Output exactly, and only, the lines below from the one with "Zhang Weili, China’s" down to the one with "Queen Calamity in". Include both end lines and no pictures.
Start of MATERIAL FOR THE TASK
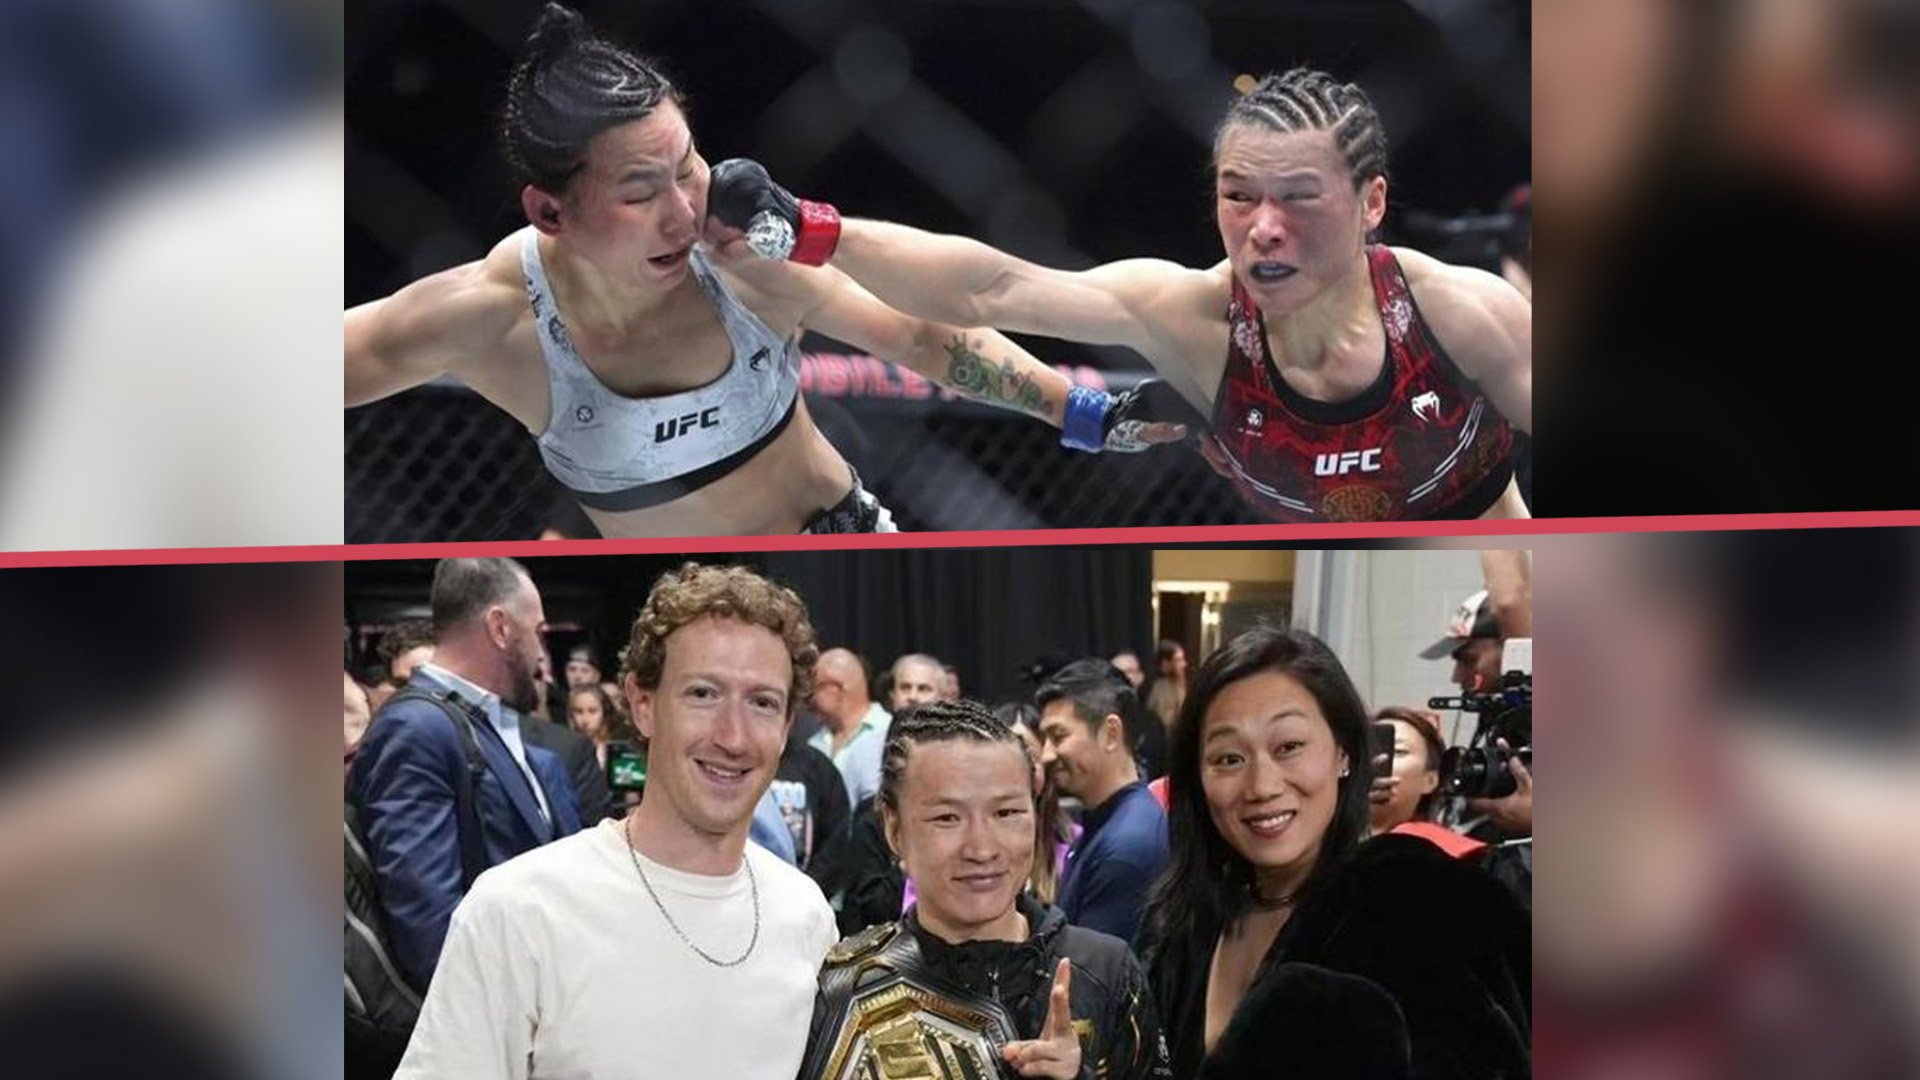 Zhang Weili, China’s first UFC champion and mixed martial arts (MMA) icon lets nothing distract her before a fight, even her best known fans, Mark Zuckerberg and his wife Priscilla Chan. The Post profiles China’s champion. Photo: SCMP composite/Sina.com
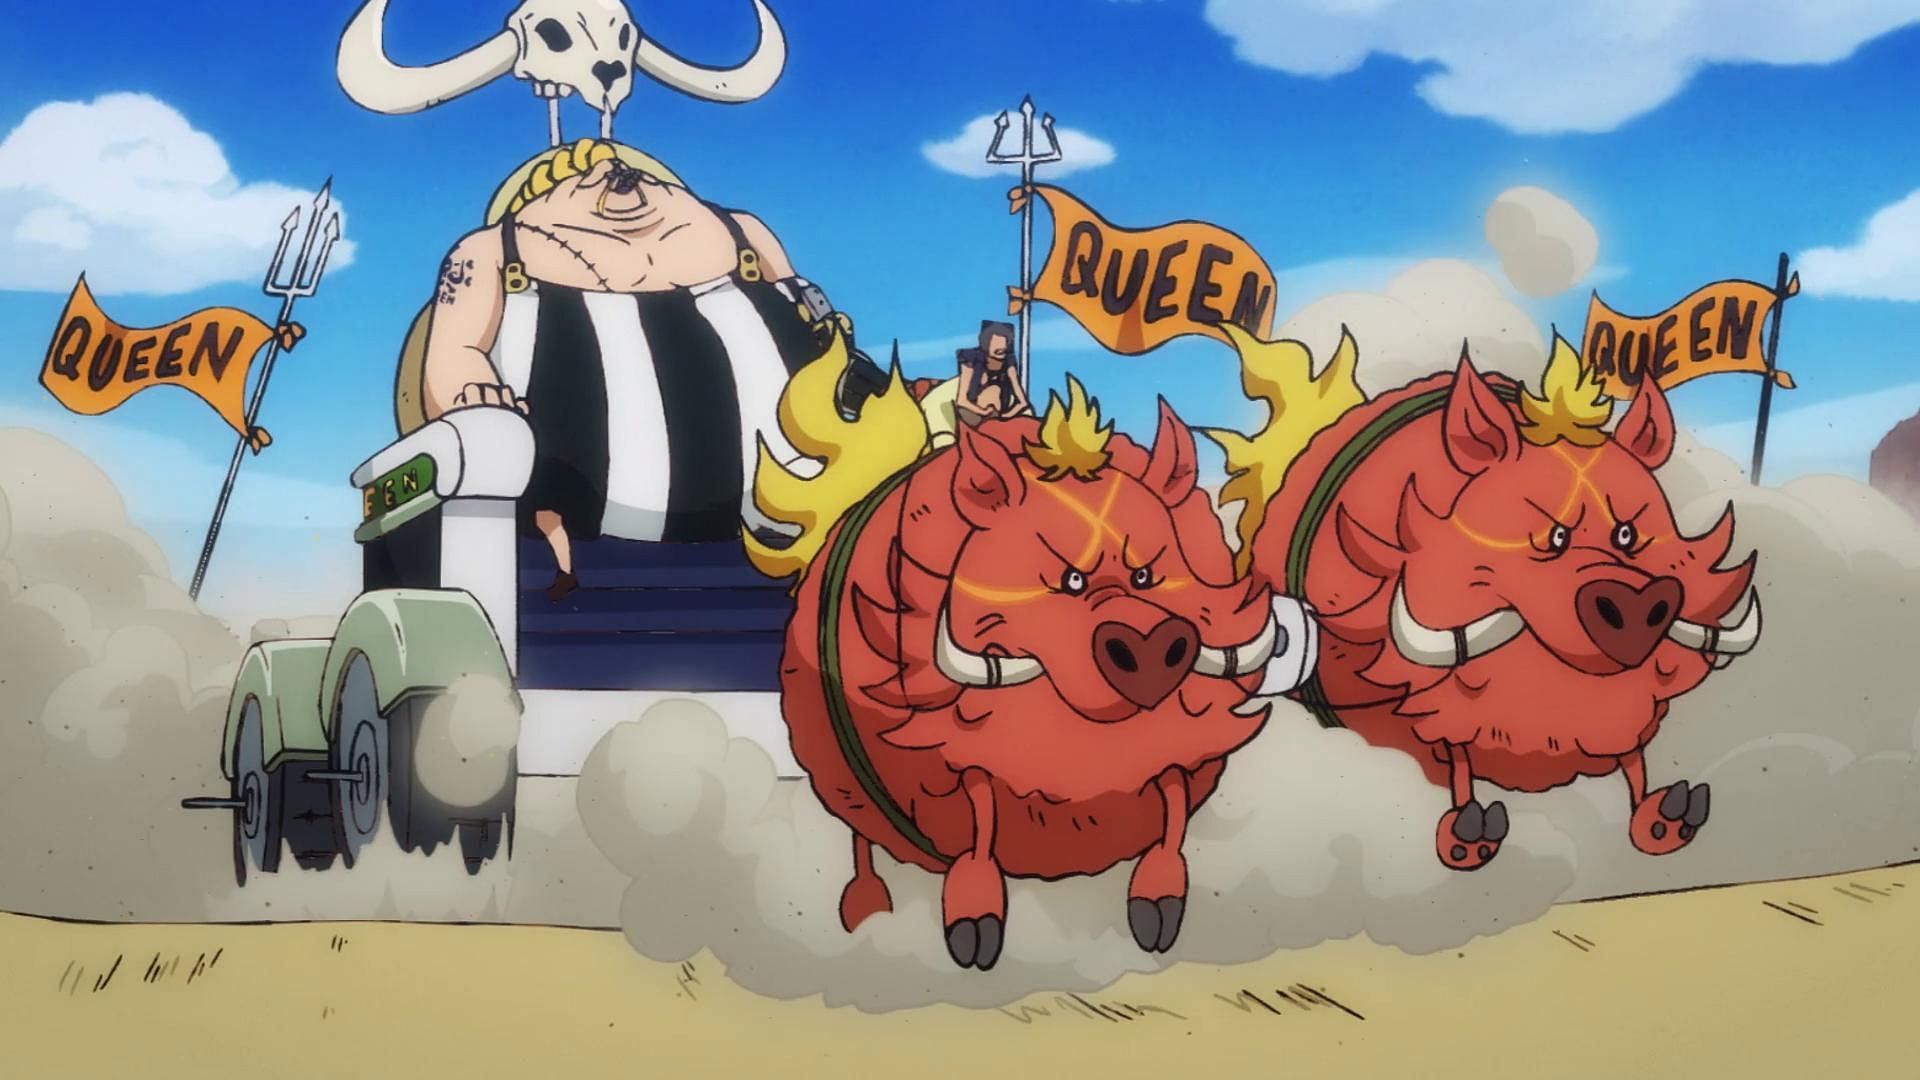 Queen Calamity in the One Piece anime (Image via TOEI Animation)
End of MATERIAL FOR THE TASK
Start of MATERIAL FOR THE TASK
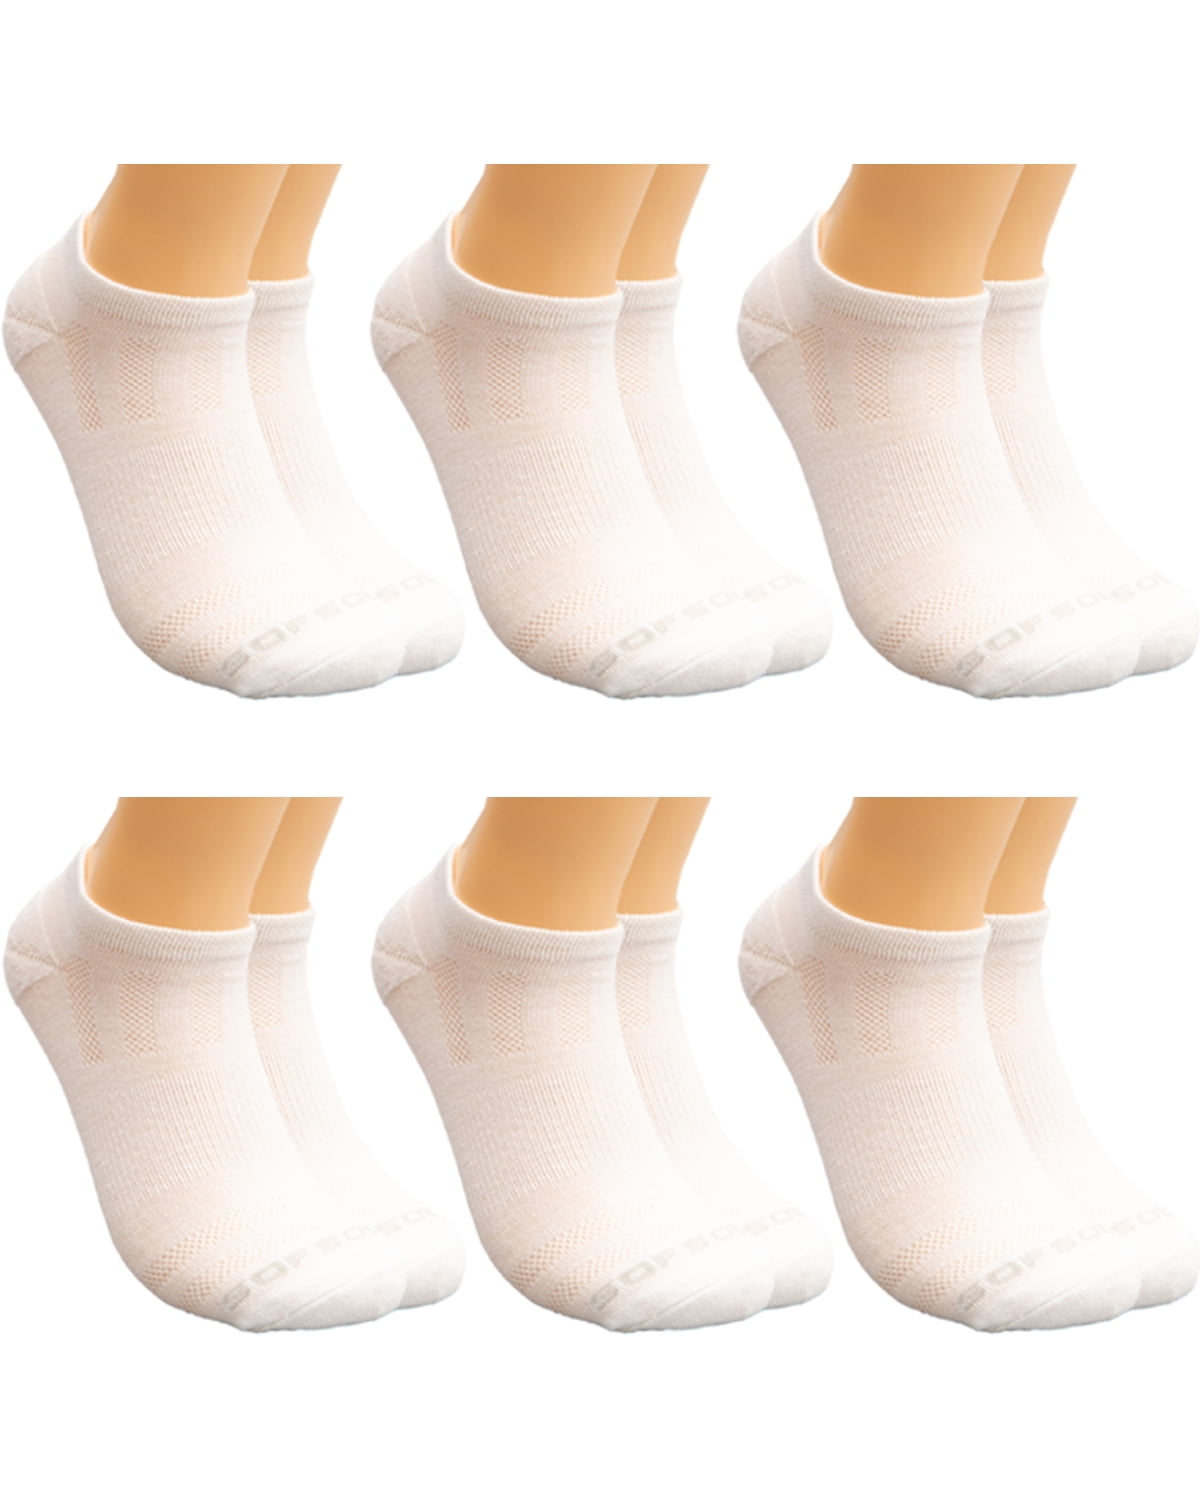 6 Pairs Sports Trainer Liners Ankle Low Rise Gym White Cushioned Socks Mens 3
End of MATERIAL FOR THE TASK
SOLUTION FOR THIS PROBLEM:
 Zhang Weili, China’s first UFC champion and mixed martial arts (MMA) icon lets nothing distract her before a fight, even her best known fans, Mark Zuckerberg and his wife Priscilla Chan. The Post profiles China’s champion. Photo: SCMP composite/Sina.com
 Queen Calamity in the One Piece anime (Image via TOEI Animation)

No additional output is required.